■ **Data listing**:
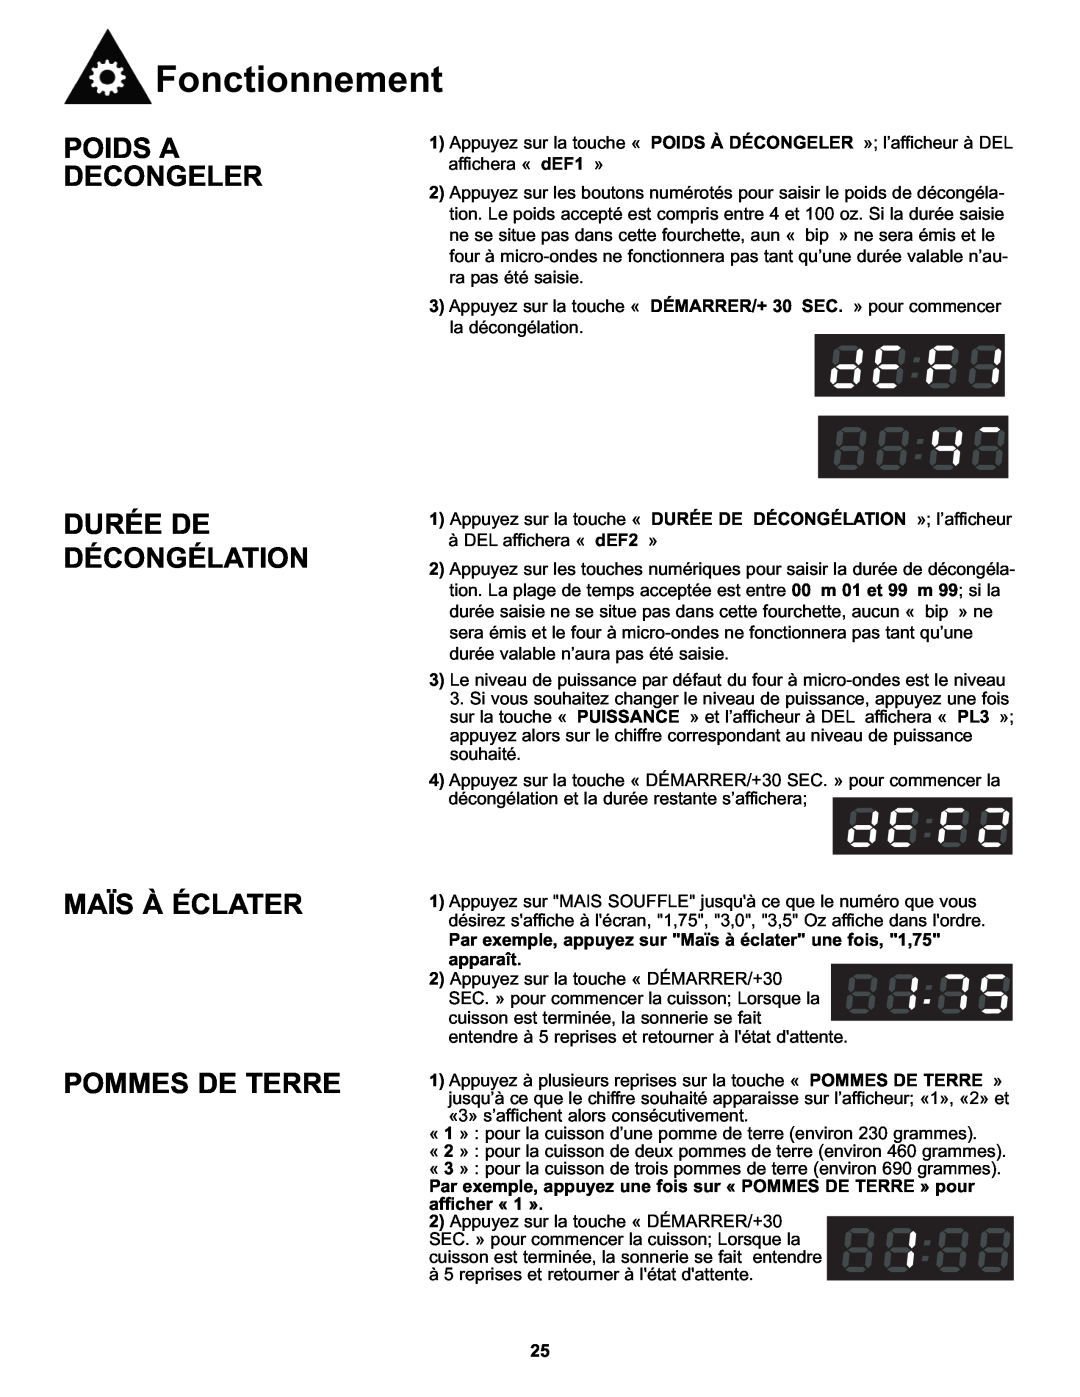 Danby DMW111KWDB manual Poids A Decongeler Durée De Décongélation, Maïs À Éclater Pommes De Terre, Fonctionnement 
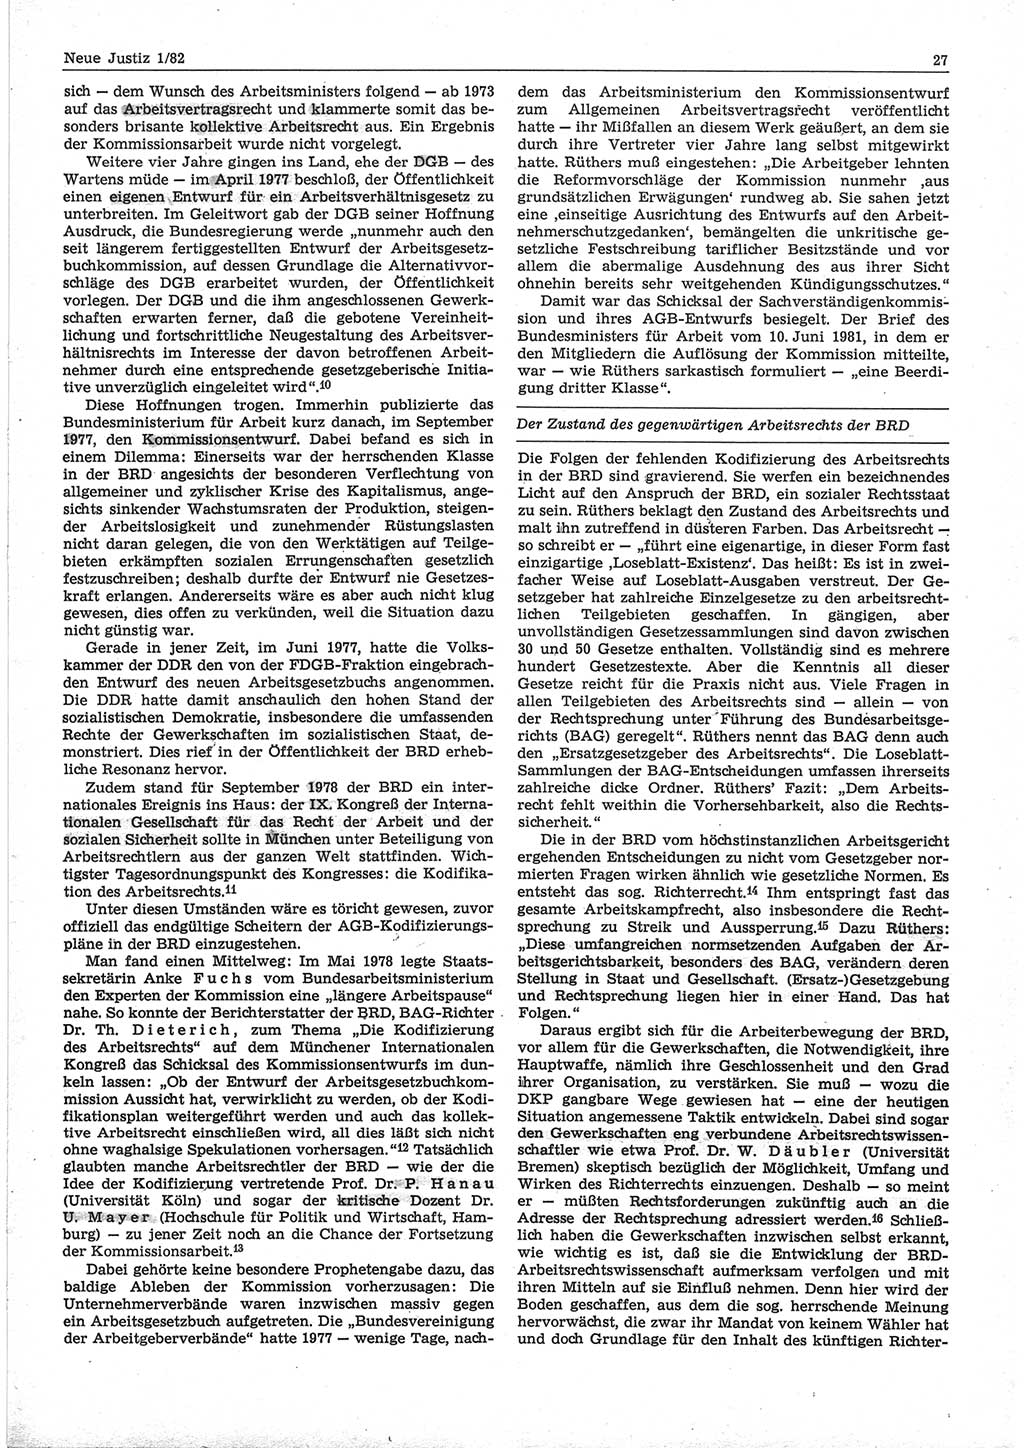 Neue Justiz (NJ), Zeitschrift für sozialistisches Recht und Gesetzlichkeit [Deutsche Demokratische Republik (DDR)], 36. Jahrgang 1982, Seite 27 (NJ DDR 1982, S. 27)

--

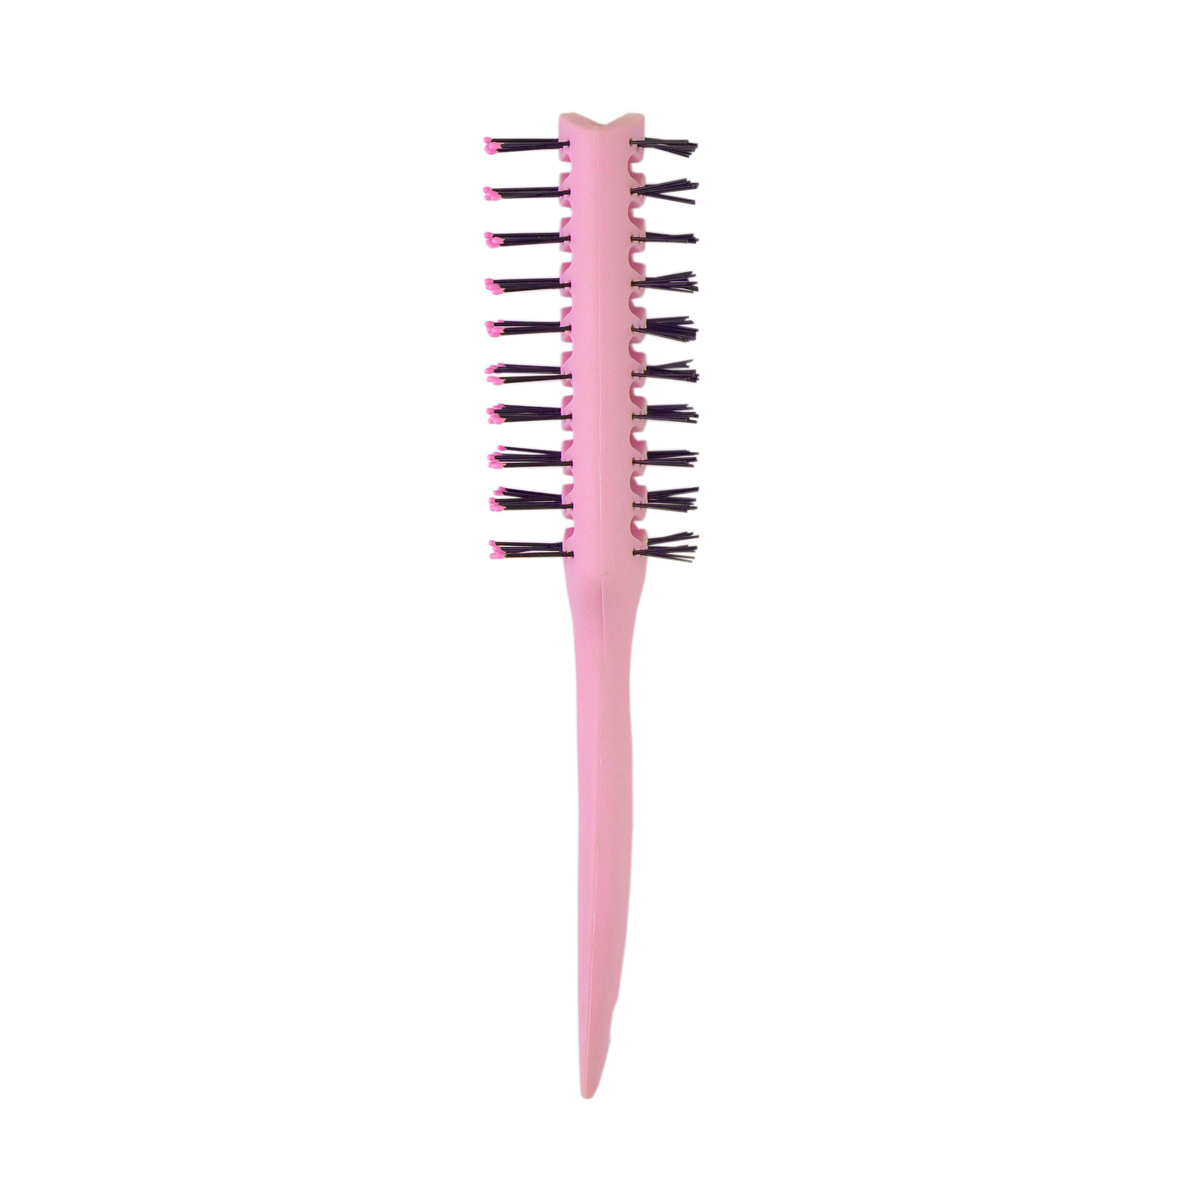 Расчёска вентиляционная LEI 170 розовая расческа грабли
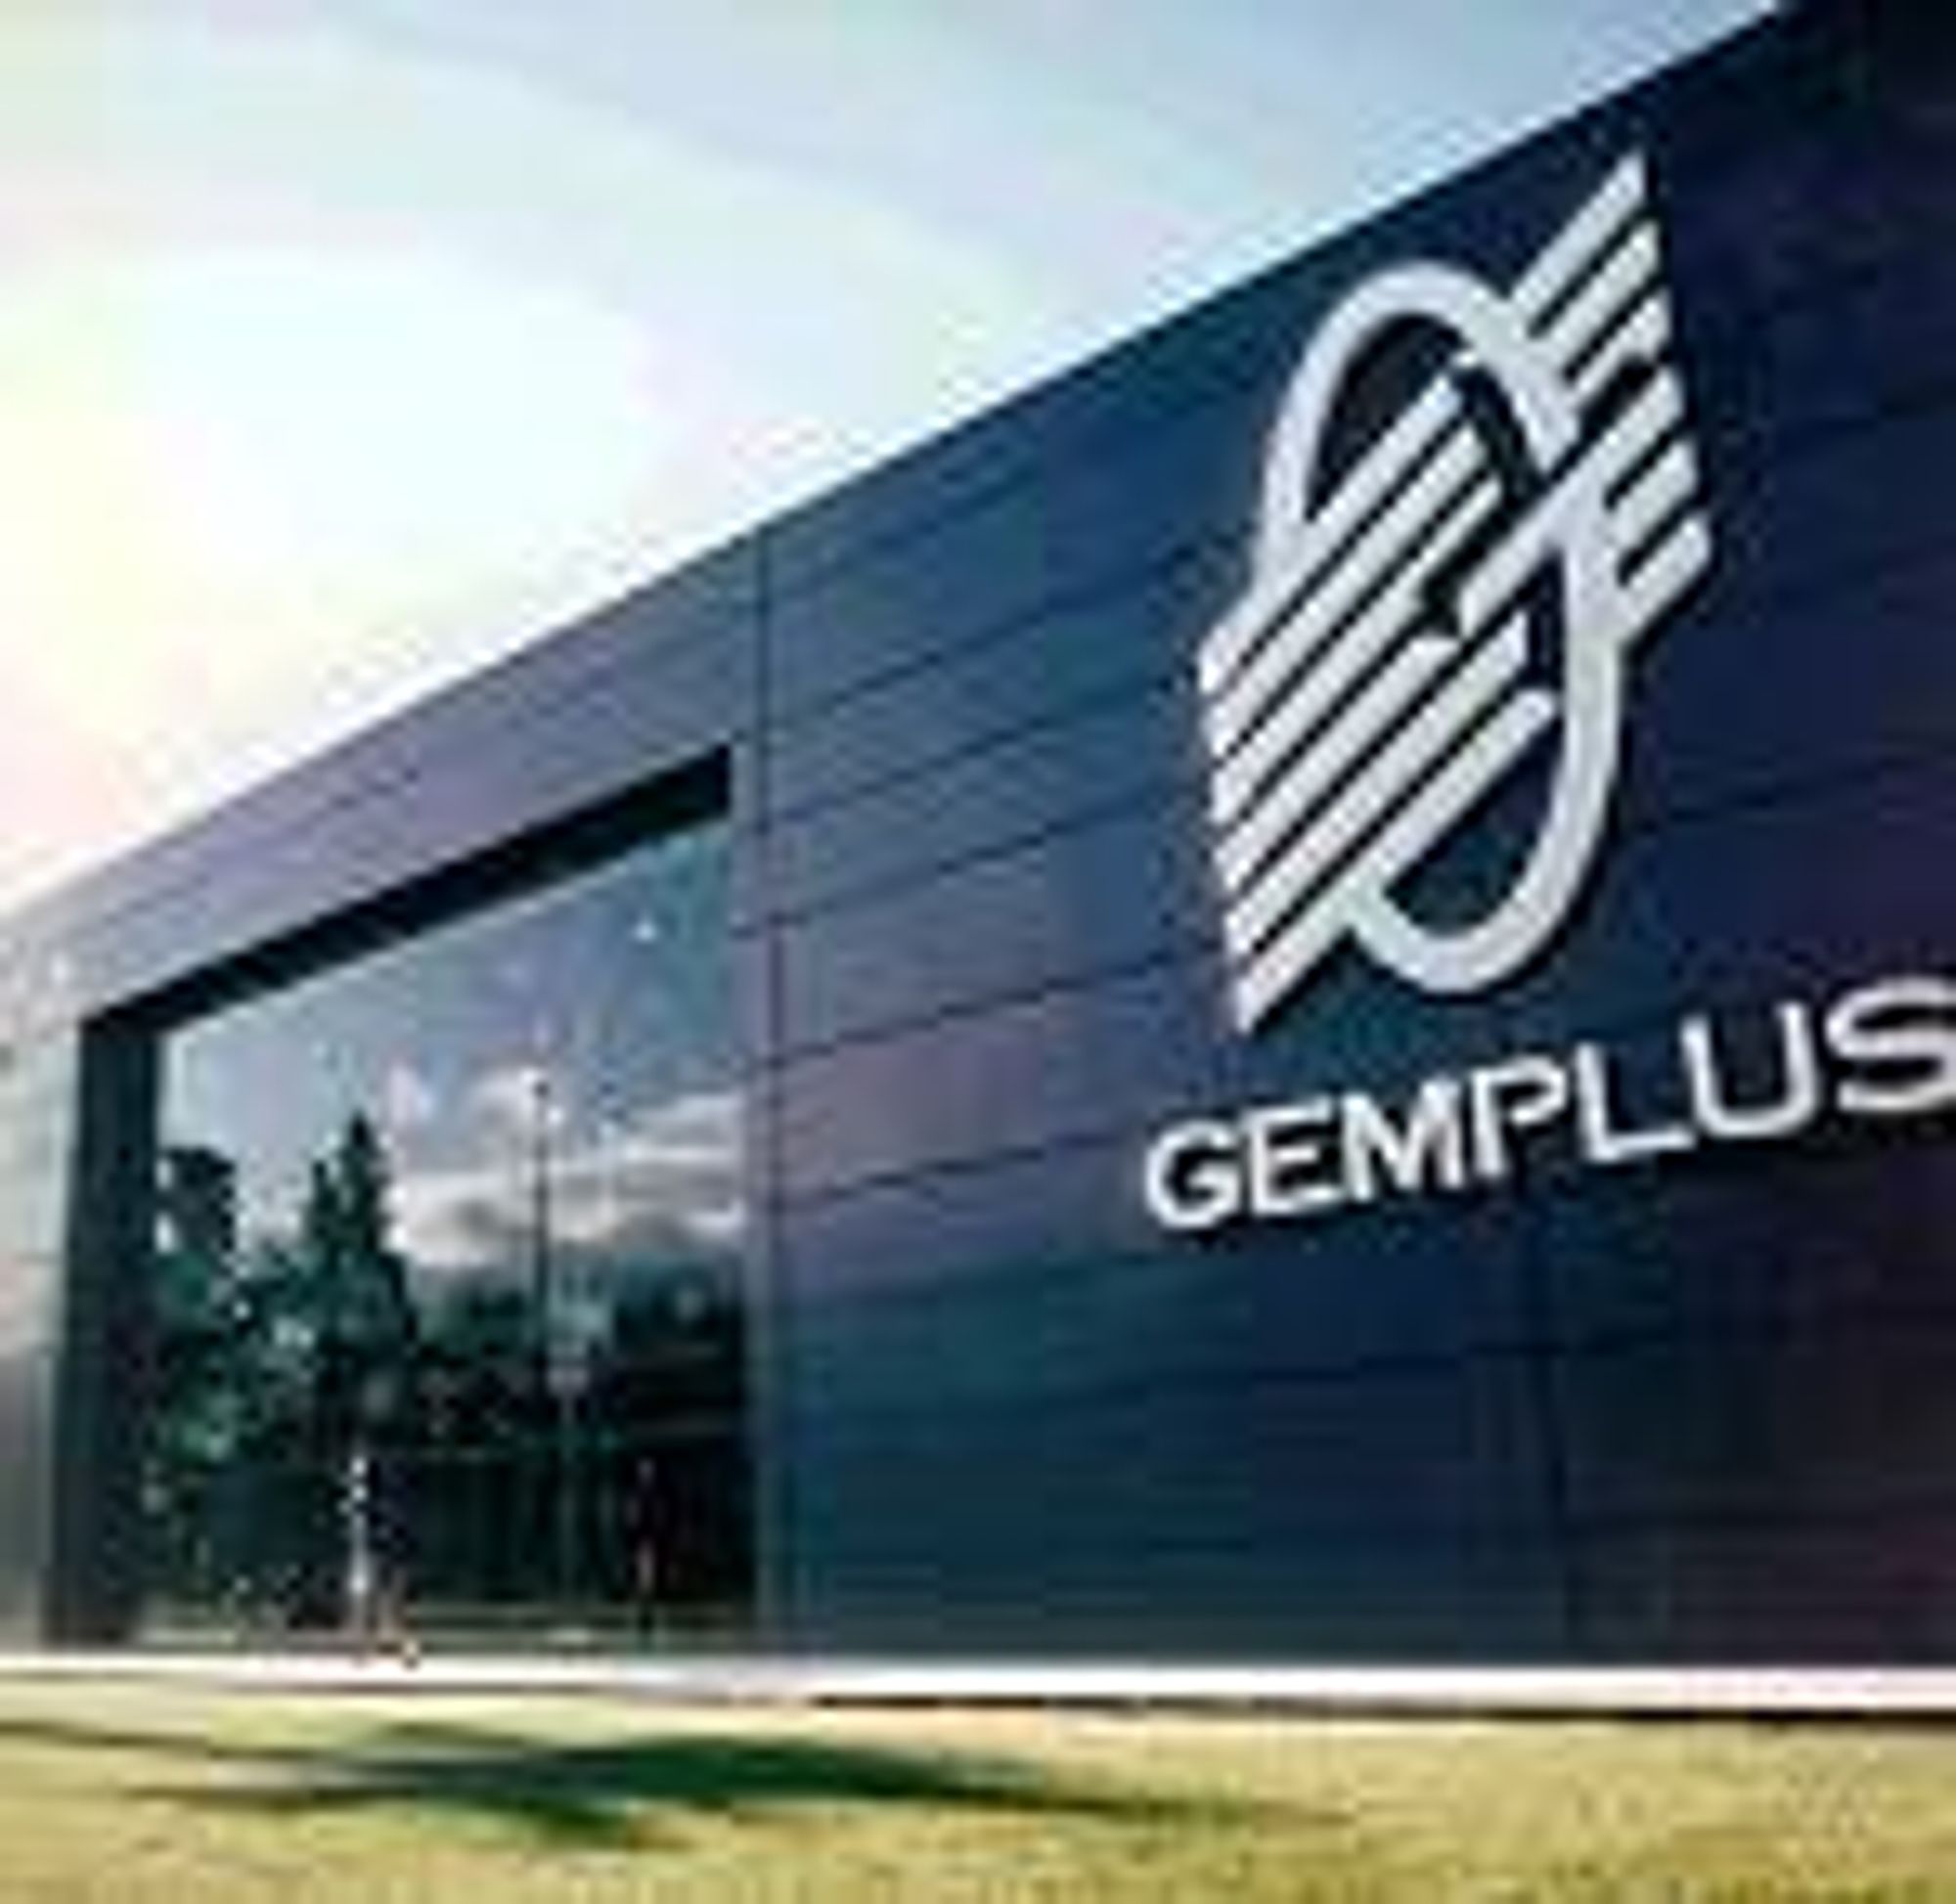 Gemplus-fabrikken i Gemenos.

■ **Action item**: Only one stretch of the entries above is needed: the lines from the one containing "Расчёска вентиляционная LEI" through the one containing "Gemplus-fabrikken i Gemenos.". Copy it exactly, without the pictures.

■ **Result**:
 Расчёска вентиляционная LEI 170 розовая расческа грабли
 Gemplus-fabrikken i Gemenos.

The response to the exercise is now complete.